NNA seeks measurement of rural mail service

Jun 1, 2015

WASHINGTON—The National Newspaper Association has again called for measurement of on-time delivery of rural mail.

Appearing in a May 19 roundtable hosted by the Senate Committee on Homeland Security and Governmental Affairs, NNA Chief Executive Officer and General Counsel Tonda F. Rush said Congress should follow the maxim that “what gets measured gets done.” If the U.S. Postal Service is required to report on the quality of rural mail delivery, trouble spots of late mail service will be identified and can be addressed.

NNA’s postal concerns also were being represented at the National Postal Forum by Postal Committee Chair Max Heath and Interlink President Brad Hill, who serve on the Mailers Technical Advisory Committee.

Heath said senior postal executives invited discussion on ways to improve rural mail delivery. USPS has publicly recognized NNA’s petition for Service Hubs as the kick-starter for establishment of these new cross-docking platforms for some newspaper mail and mail entered by other mailers in sites where mail processing plants used to be. There are currently 46 hubs in operation. A total of 212 are expected by July 2015. Details of the operation are laid out in Heath’s Postal Tips column on Page 16 of this issue.

NNA President John Edgecombe Jr., publisher of The Nebraska Signal in Geneva, NE, said an alarming deterioration in rural mail service was being reported across the country.

“The Postal Service took a radical step when it began closing down the processing operations in smaller cities and moved them to the heart of urban America. Travel distances increased, traffic problems hampered the movement of postal trucks and the windows for accepting and processing mail began to shrink. It should surprise no one that people in small towns are getting their mail later. Readers of community newspapers have been particularly harmed by the changes. So, NNA is taking every possible step to get USPS to address the problems created by these closings,” he said.

Rush explained to the Senate committee that although USPS regularly reports on how well it achieves its service standards, the information is heavily weighted toward urban mail. Even so, USPS reported serious deterioration during the first quarter of 2015 for First-Class Mail that should have been delivered within three days. In many cities, the standard was achieved less than 60 percent of the time. The Postal Service has blamed bad weather across the U.S.

Sen.

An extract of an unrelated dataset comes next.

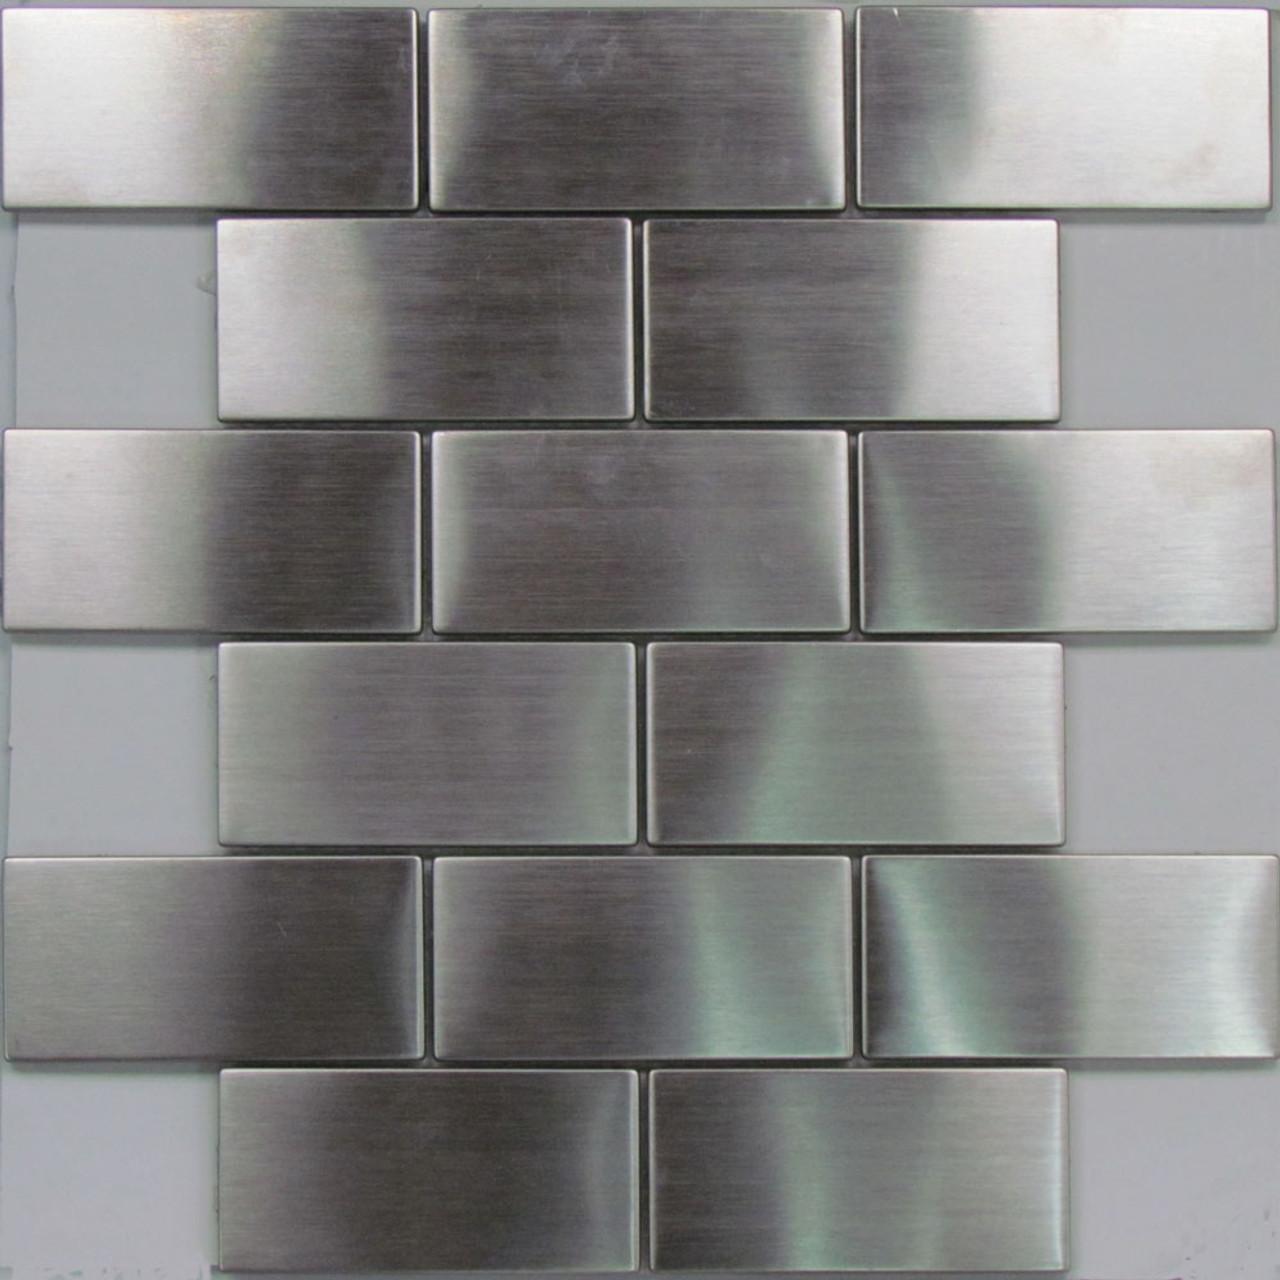 801 stainless steel subway mosaic tiles
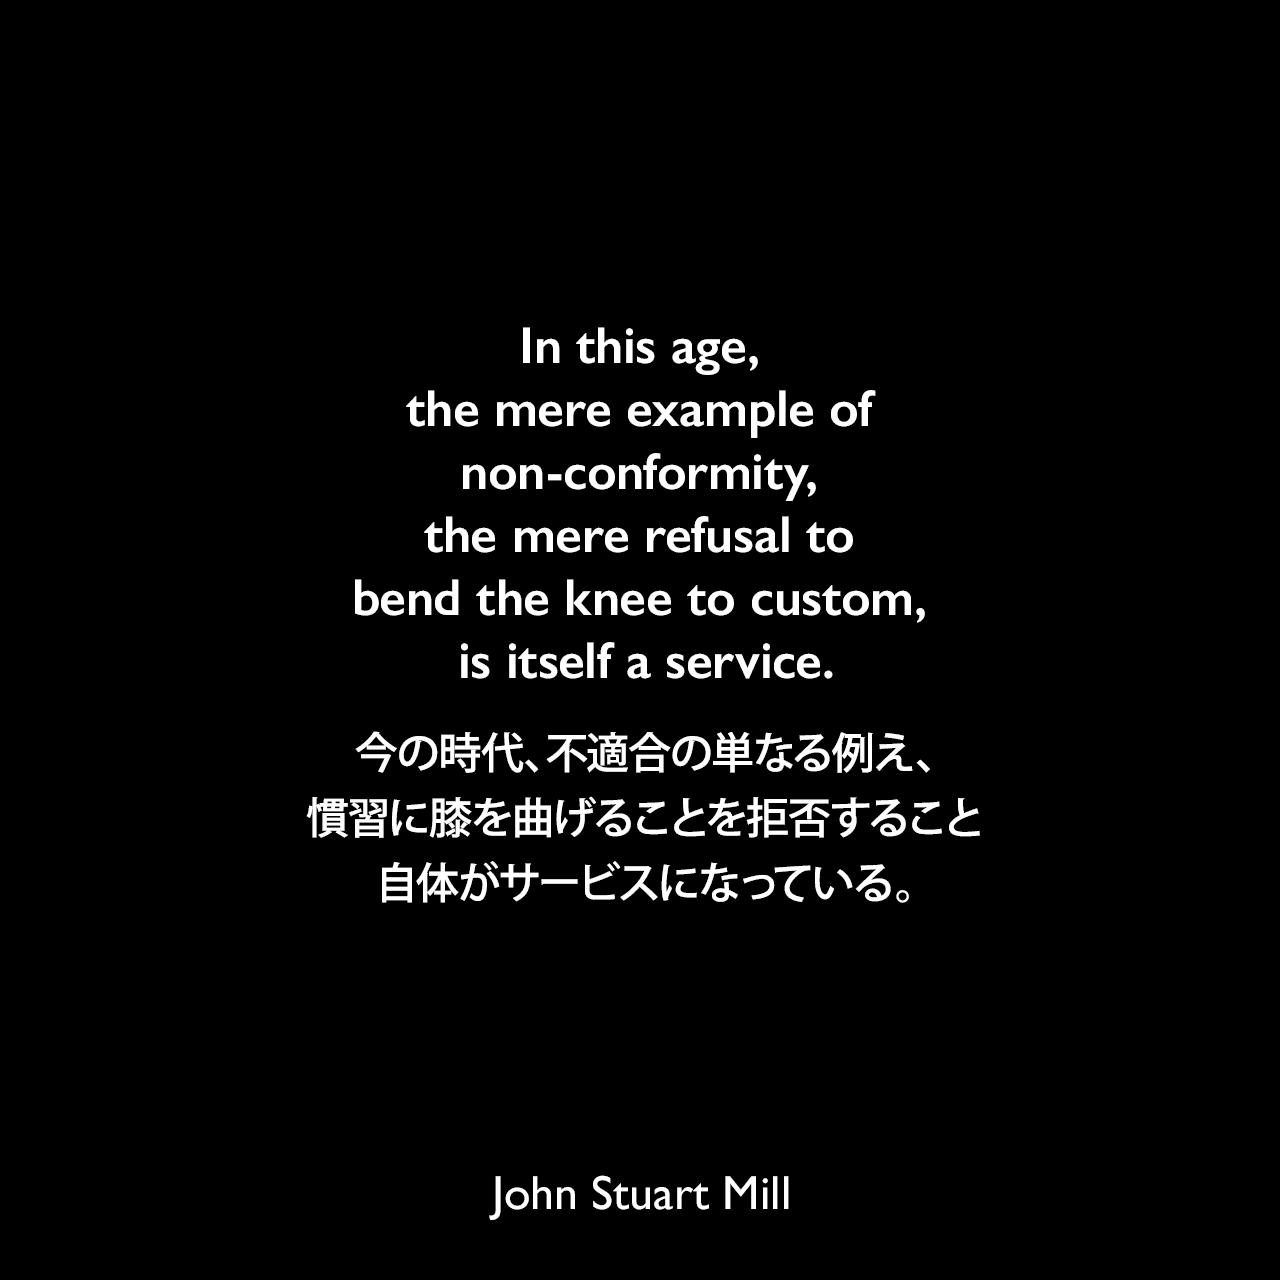 In this age, the mere example of non-conformity, the mere refusal to bend the knee to custom, is itself a service.今の時代、不適合の単なる例え、慣習に膝を曲げることを拒否すること自体がサービスになっている。- ジョン・スチュアート・ミルによる本「自由論」よりJohn Stuart Mill

Jon Tester, D-MT, expressed his concern about a slowdown in service in his state.

“There was bad weather in the Northeast but in Montana, we were in shirt sleeves. There is always going to be bad weather somewhere,” he said.

Carper asked witnesses appearing at the roundtable for one new idea each on how to help the Postal Service achieve financial stability.

“I think people in business will tell you it is always less expensive to keep a customer than to get a new one,” Rush responded. “The best place for the Postal Service to begin is to stop driving away the mail volume it already has. It has cut all the costs it can afford to cut. At this point, Congress is our only hope.”

NNA has asked Congress to move quickly on a bill that will relieve financial pressure on USPS by changing the requirement for prepayment of retiree health benefits. NNA also supports a proposal by postal worker groups to permit USPS to invest its funds in conservative private equities instead of only in the U.S. Treasury. The Thrift Savings Plan that provides retirement benefits for federal workers currently has limited private equity investment authority and is expected to provide a model for USPS investments.